Библиотекарь вновь возражает с присущим ему простодушием:
– Дорогой адмирал, благочестивые люди…
– Не благочестивыми должны быть люди, – перебивает его адмирал, – а порядочными, трудолюбивыми, образованными и жизнерадостными… Вот почему я заговорил о театре: будучи главным национальным развлечением, именно он способен создать разумную модель патриотизма, сделать необходимыми образование, сознательный труд, культуру, добродетель, показывая примеры, которые превозносили бы свободу и защищали невинность… Театр, основой которого были бы благородство и здравый смысл, ставший общественным достоянием.
– Ах, дорогой адмирал… Охота вам ждать яблок от вяза.
– Если вяз хорошенько потрясти, какое-нибудь яблочко нет-нет да и упадет… Между прочим, тут будет и наша с вами скромная роль: это путешествие за запретными книгами – чем не достойный способ тряхануть вяз?

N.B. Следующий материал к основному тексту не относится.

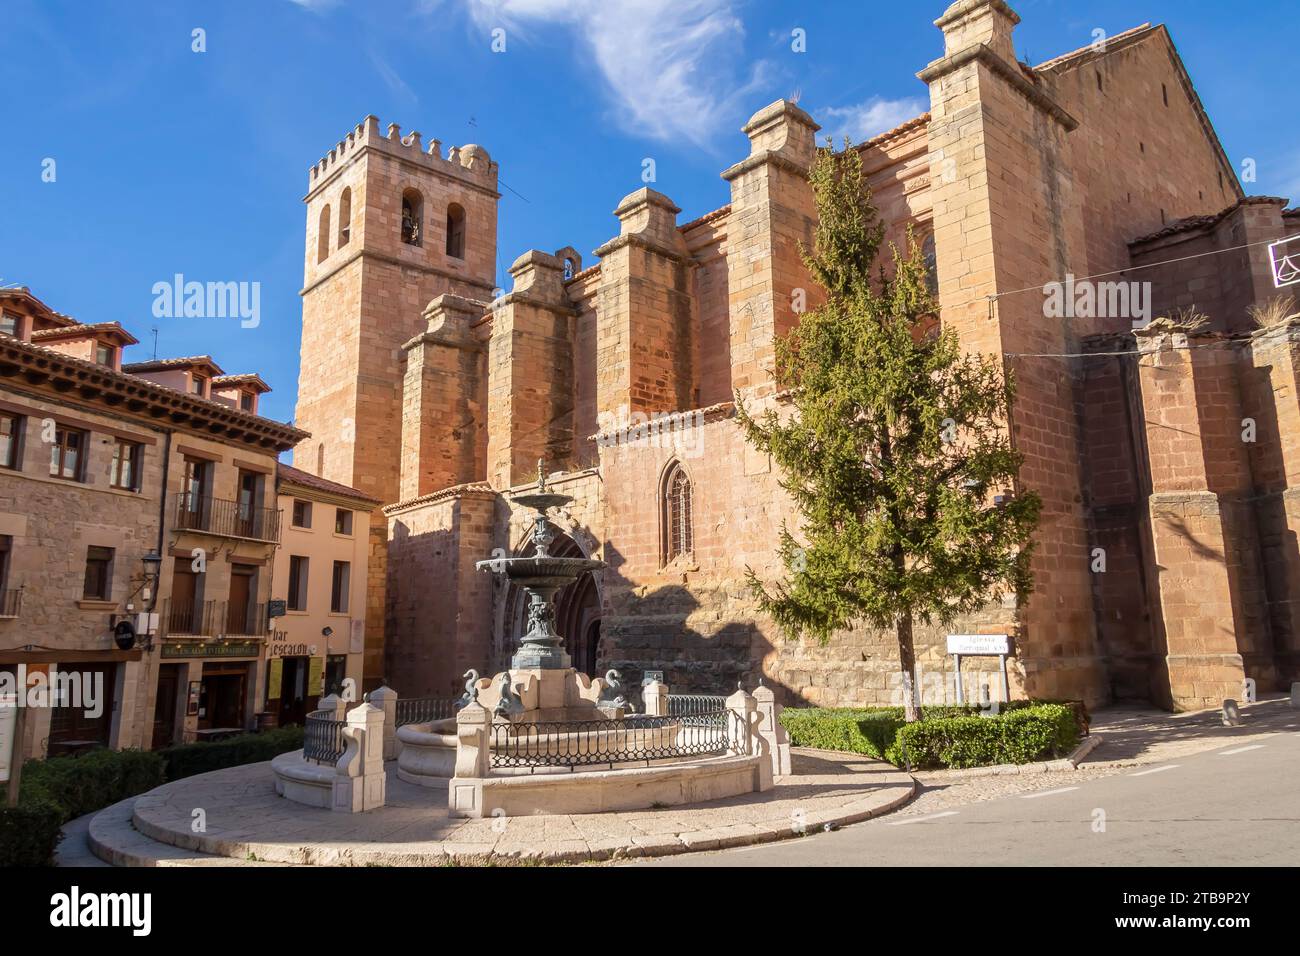 Mora de Rubielos church and architecture, Teruel, Spain Stock Photo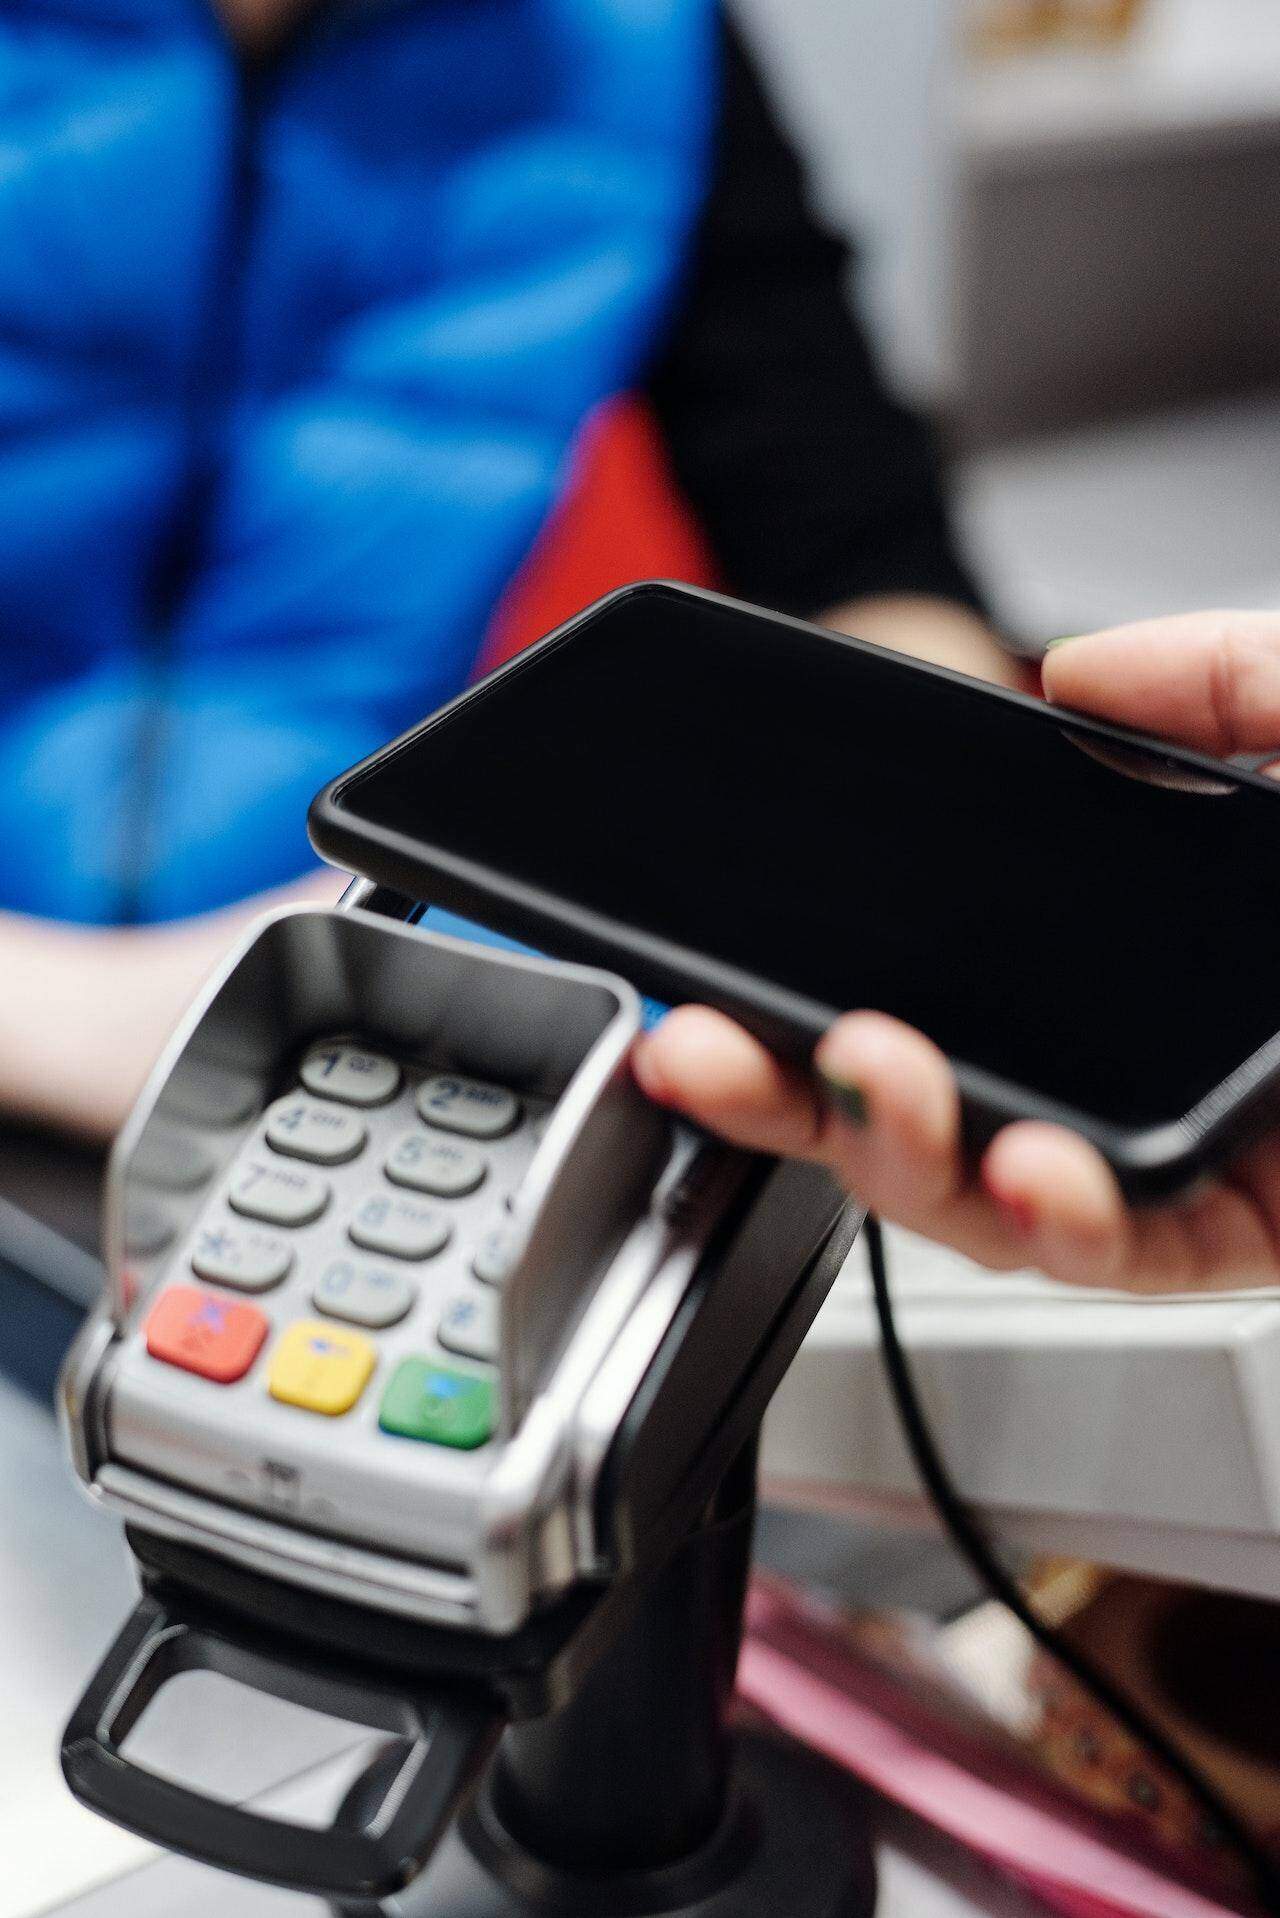 płatność NFC telefonem przy terminalu płatniczym

Лошадь продвигается медленно, ее копыта тонут в дорожной грязи. Дождь хлещет с прежней силой, мгновенно заполняя водой две параллельные колеи, которые оставляют колеса берлинки, продвигающейся вперед с черепашьей скоростью. Паскуаль Рапосо, пригнувшись к шее коня, щурит глаза, чтобы хоть как-то укрыться от колючих водяных струй, которые хлещут ему в лицо, до половины укрытое потерявшей форму и насквозь промокшей андалузской шляпой. Под утлой шинелью, едва ли защищающей от непогоды, одинокий всадник чувствует себя окоченевшим, промокшим насквозь, бесконечно усталым. Чего бы он только не отдал сейчас в обмен на очаг, к которому можно придвинуться вплотную, пока от одежды не повалит пар, или хотя бы за то, чтобы постоять под крышей, чтобы немного передохнуть от дождя. Но ничего похожего ему по дороге не попадается. Имея за плечами кавалеристскую службу, Рапосо привык к подобным испытаниям, однако течение времени, годы, которые убегают безвозвратно, с каждым разом делают их все более и более тягостными. В один прекрасный день, с тоской размышляет он, ему станет трудно добывать свой хлеб так, как он делает это сейчас. Хорошо было бы не остаться с пустыми руками. Заиметь на этой случай крышу над головой, жену, миску с горячей похлебкой на столе. Размышление – или воспоминание – об этих трех необходимых вещах сейчас, под проливным дождем, неожиданно погружает его в тусклое, безнадежное отчаяние, в глубочайшую тоску.